The "volume of laws" required to regulate a complex modern society is far greater than that required for the US 200+ years ago. Thats why successful nations use rule-making agencies to regulate commerce, environmental protection, workplace safety, etc. Expecting the legislature to do it all is just not going to scale - which I suspect is the objective. The people behind these decisions want an overloaded, ineffectual legal system because that creates the best conditions for unrestricted accumulation of wealth and power.

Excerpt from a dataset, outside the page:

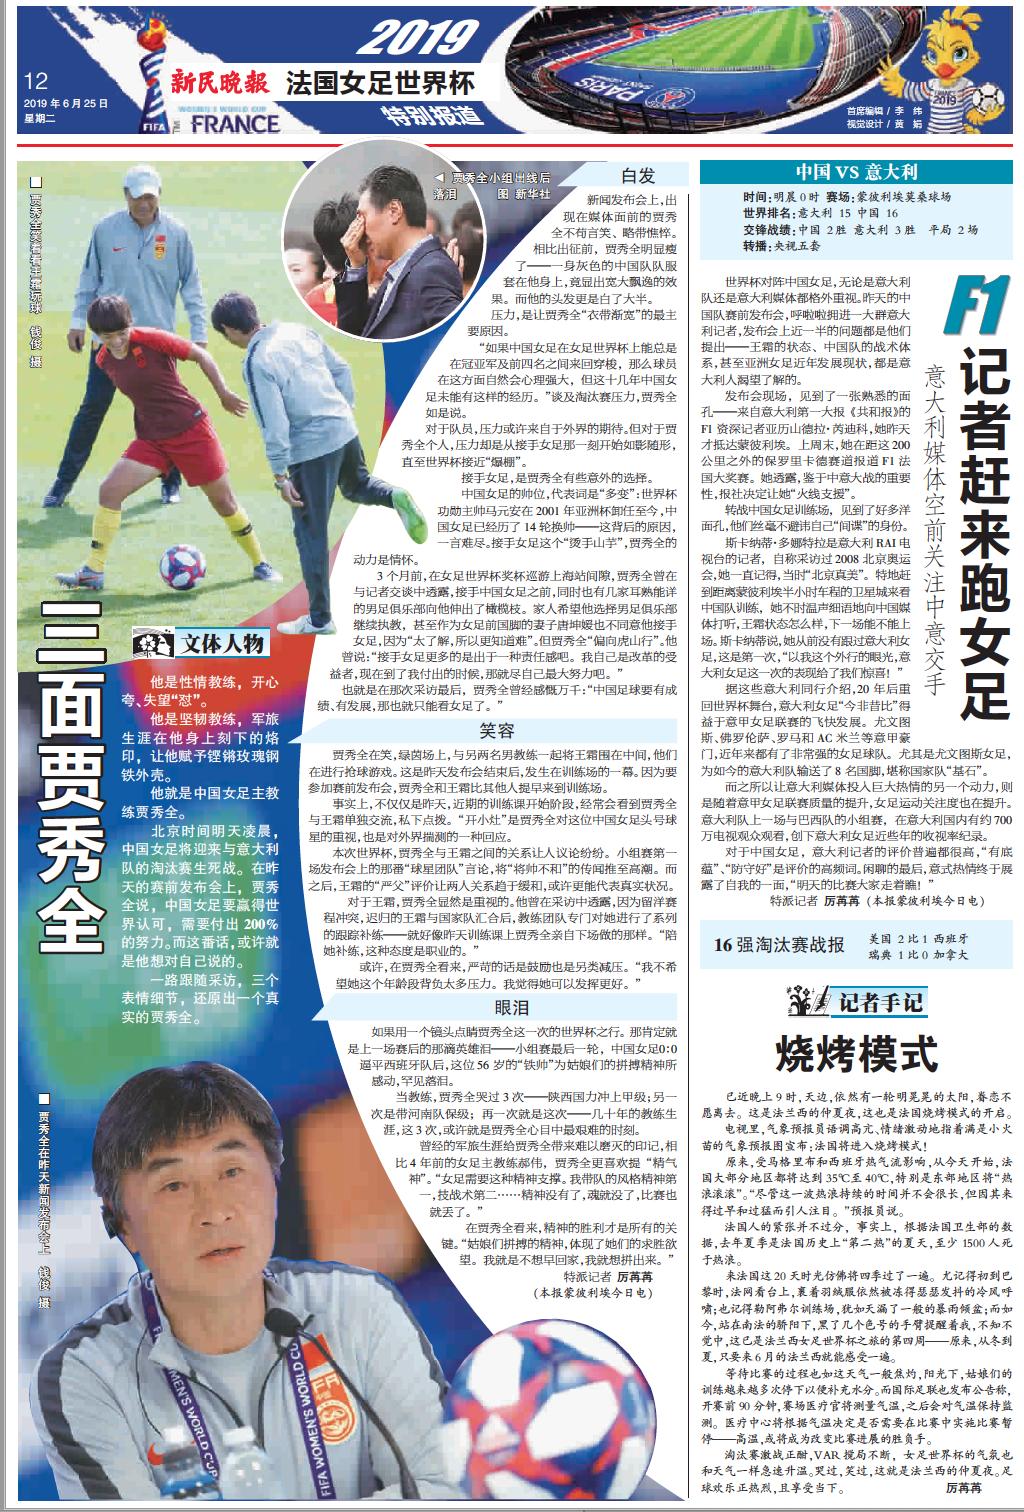 XINMIN EVENING NEWS_20190625_FIFAWWC_PIC
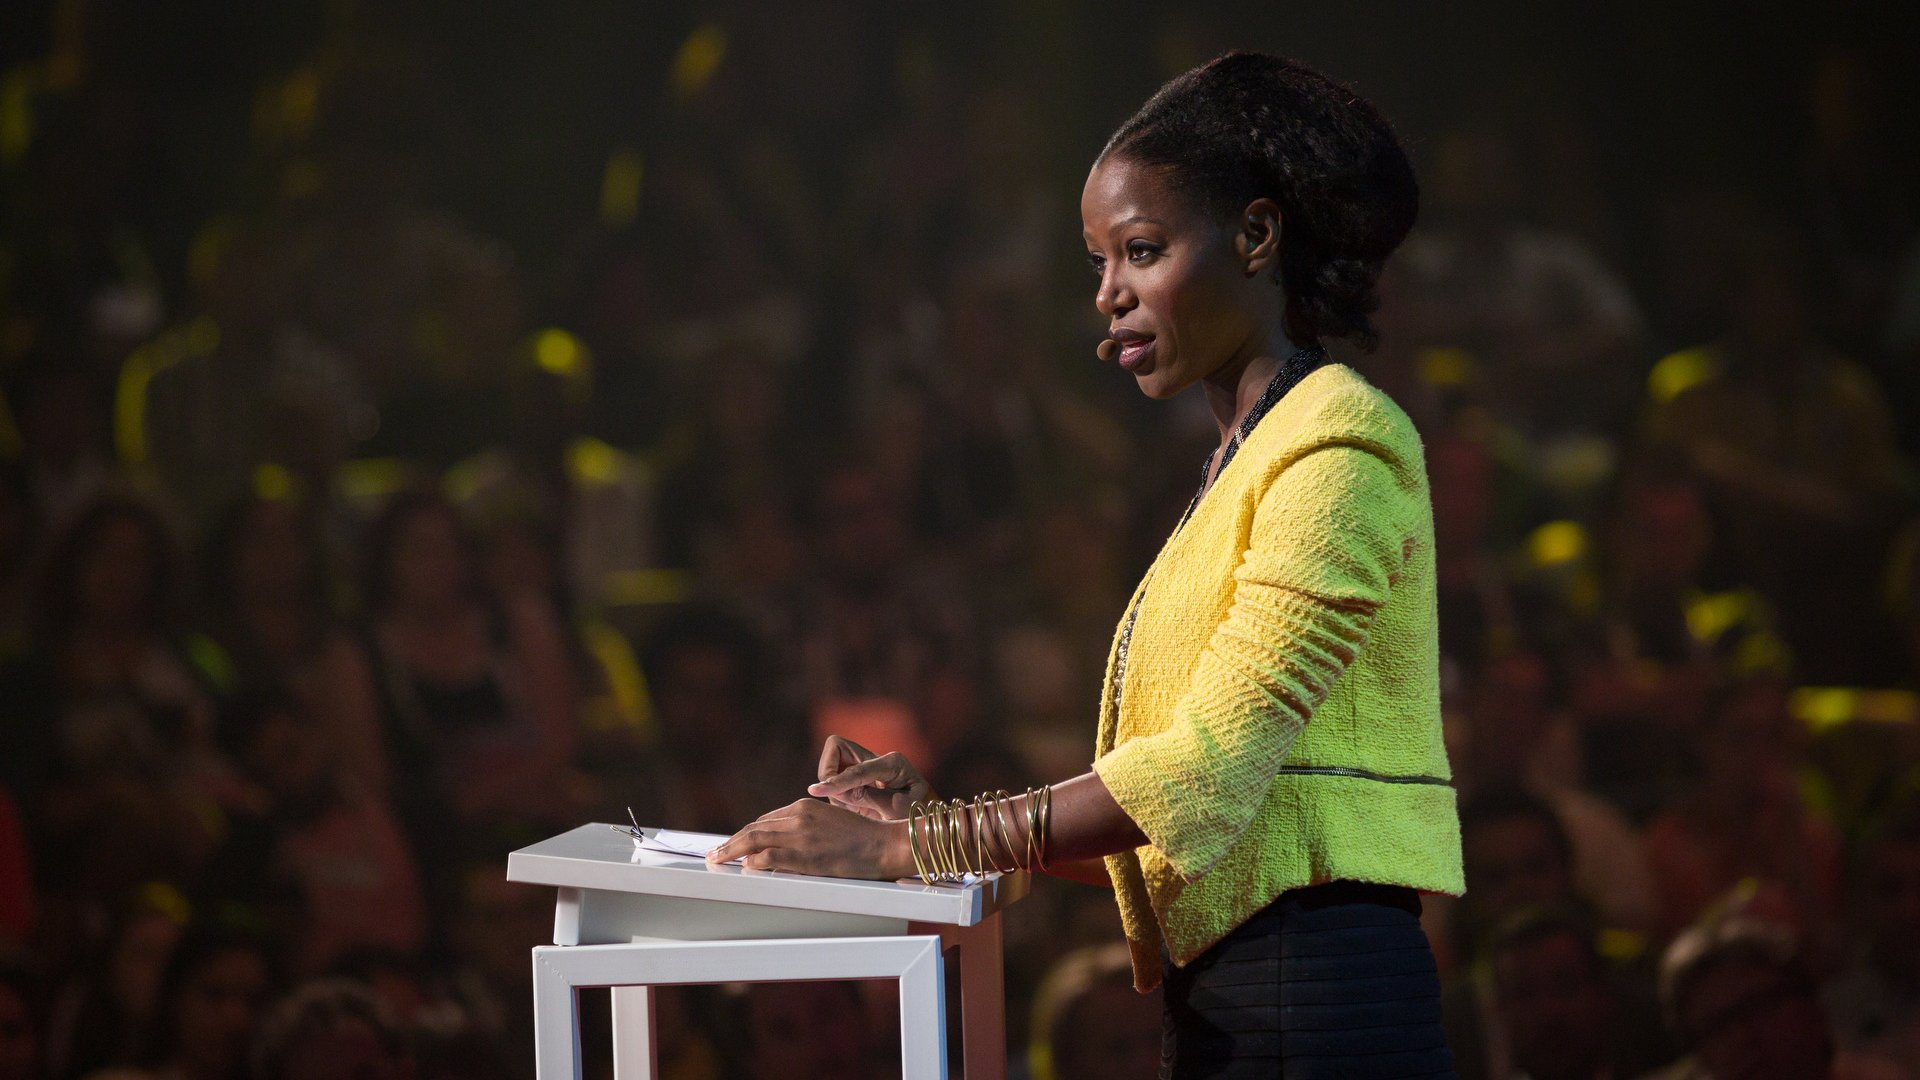 Taiye Selasi speaking at TEDGlobal 2014, South, Session 3 - Crossing Borders, October 5-10, 2014, Rio de Janeiro, Brazil.

I think you're missing the ideological motivation. It's all about ensuring a healthier system of checks and balances. When courts are forced to defer to unelected bureaucrats, they serve basically no purpose - yet our entire legal system is supposed to be predicated on checks and balances at all levels. By returning the ability of courts to hear and legally judge the merits of law, at their discretion, you help maintain an overall healthier system of checks and balances.

It all comes down to centralization vs decentralization. In a completely decentralized system you will never have an amazing outcome, because there will always be plenty of people doing stupid things - this includes judges. Yet you will also never have a horrible system, for basically the same reason - there will always be plenty of people doing 'smart' things. By contrast, centralized systems can yield a complete utopia under the oversight of socially motivated, intelligent, and highly capable leadership. Yet they can also yield the most unimaginably horrific dystopias under self centered, foolish, and incapable leadership.

So which does one prefer? In the end I suspect this is one of those issues where we all think other people think the same, but they most certainly do not. I personally could not imagine anything other than a system decentralized, to its greatest extremes, in every way imaginable. Because if I look at the political types of modern times "socially motivated, intelligent, and highly capable" are not generally the first words that come to mind.


> The "volume of laws" required to regulate a complex modern society is far greater than that required for the US 200+ years ago.

I'm not going to get into debating this directly, but please be aware that arguments about the complexity of society are ideological in nature. It's not a simple factual matter on which there's widespread agreement. Many conservatives don't even agree with the premise that society has such a thing as complexity, or if it did that there's a higher level today than in the past.


Excellent. Deregulate then. That's the desired effect of this anyway.


The desired effect is to break the federal government so states that want to e.g. pollute the environment and leave the poor uneducated can do so without interference.